🤖 AI Summary
This work investigates the geometric nature of emergent subnetworks and their biases in deep neural networks. Method: Adopting an algebraic-geometric perspective, we systematically analyze the singular structure of the neuromanifold—the function space parameterized by fully connected networks with polynomial activations. Contribution/Results: We rigorously characterize the intrinsic singularity of low-dimensional subspaces spanned by subnetworks and establish a precise causal link between such singularities and critical points in training dynamics. Our theoretical analysis yields the first exact dimension formula for these subspaces.

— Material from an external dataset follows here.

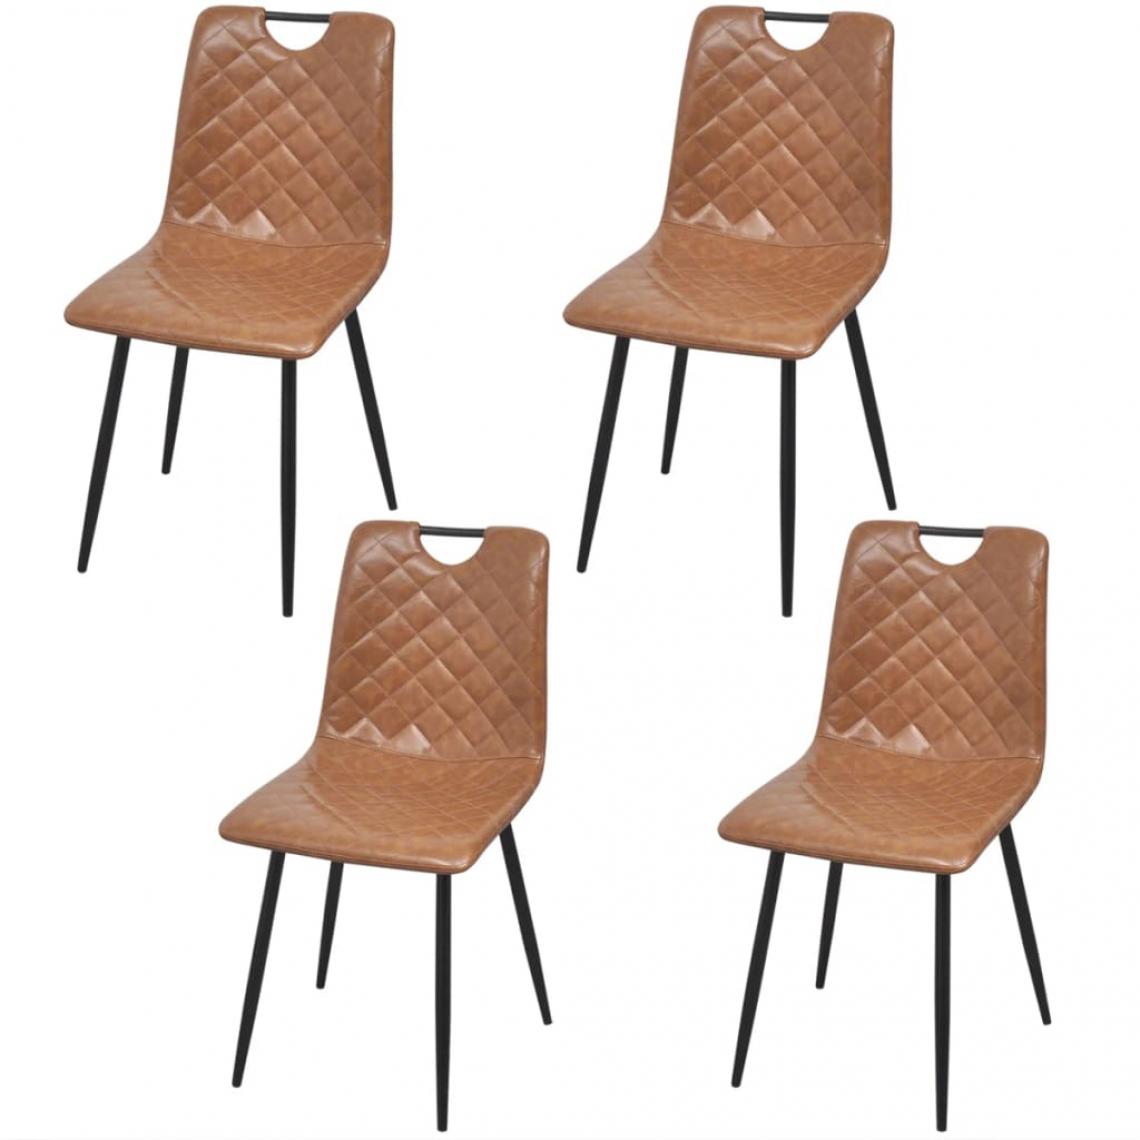 Decoshop26 - Lot de 4 chaises de salle à manger cuisine style rétro en similicuir marron clair structure en acier CDS021675 - Chaises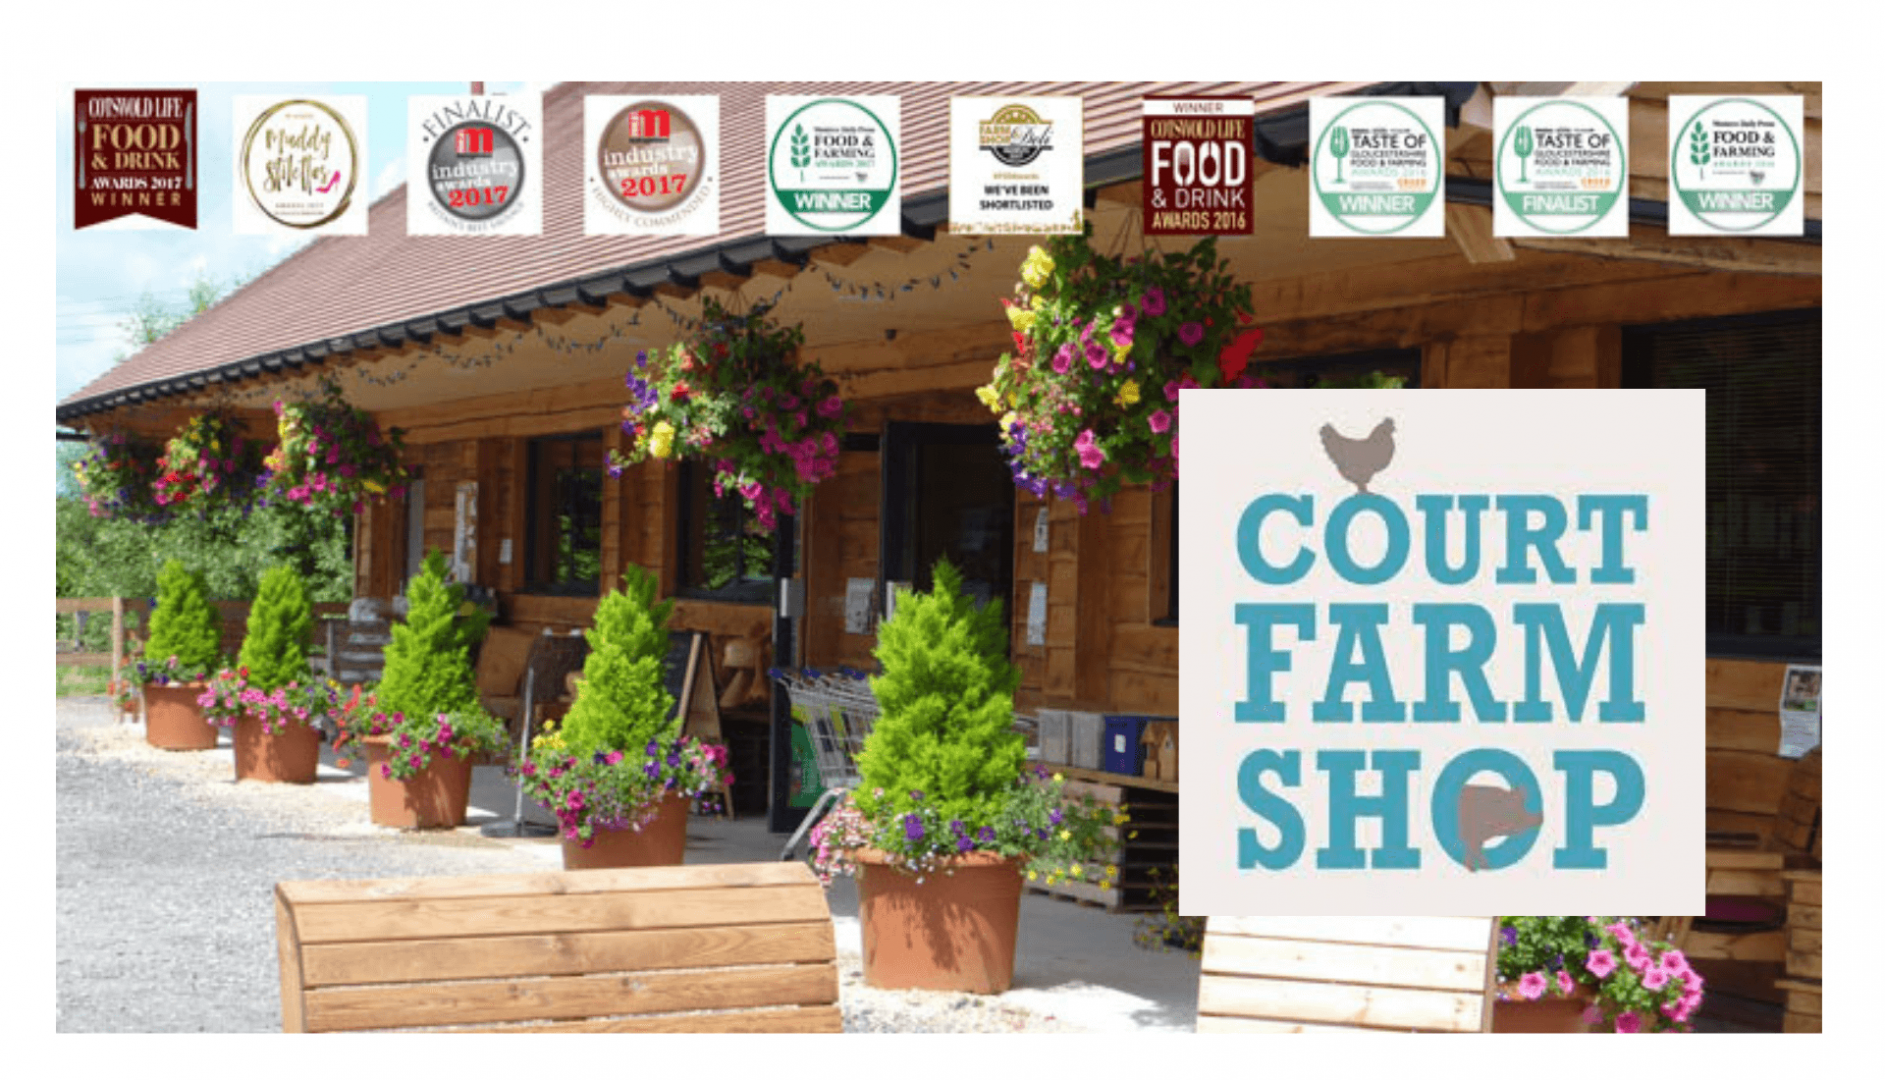 Court Farm Shop in Cheltenham

Furthermore, we demonstrate that this singularity is ubiquitous in fully connected architectures but vanishes naturally in convolutional networks—revealing a fundamental geometric distinction underlying their divergent optimization stability properties. These results provide a novel theoretical framework for understanding how intrinsic geometric constraints shape neural network optimization behavior.
📝 Abstract
Deep neural networks often infer sparse representations, converging to a subnetwork during the learning process. In this work, we theoretically analyze subnetworks and their bias through the lens of algebraic geometry. We consider fully-connected networks with polynomial activation functions, and focus on the geometry of the function space they parametrize, often referred to as neuromanifold. First, we compute the dimension of the subspace of the neuromanifold parametrized by subnetworks. Second, we show that this subspace is singular. Third, we argue that such singularities often correspond to critical points of the training dynamics. Lastly, we discuss convolutional networks, for which subnetworks and singularities are similarly related, but the bias does not arise.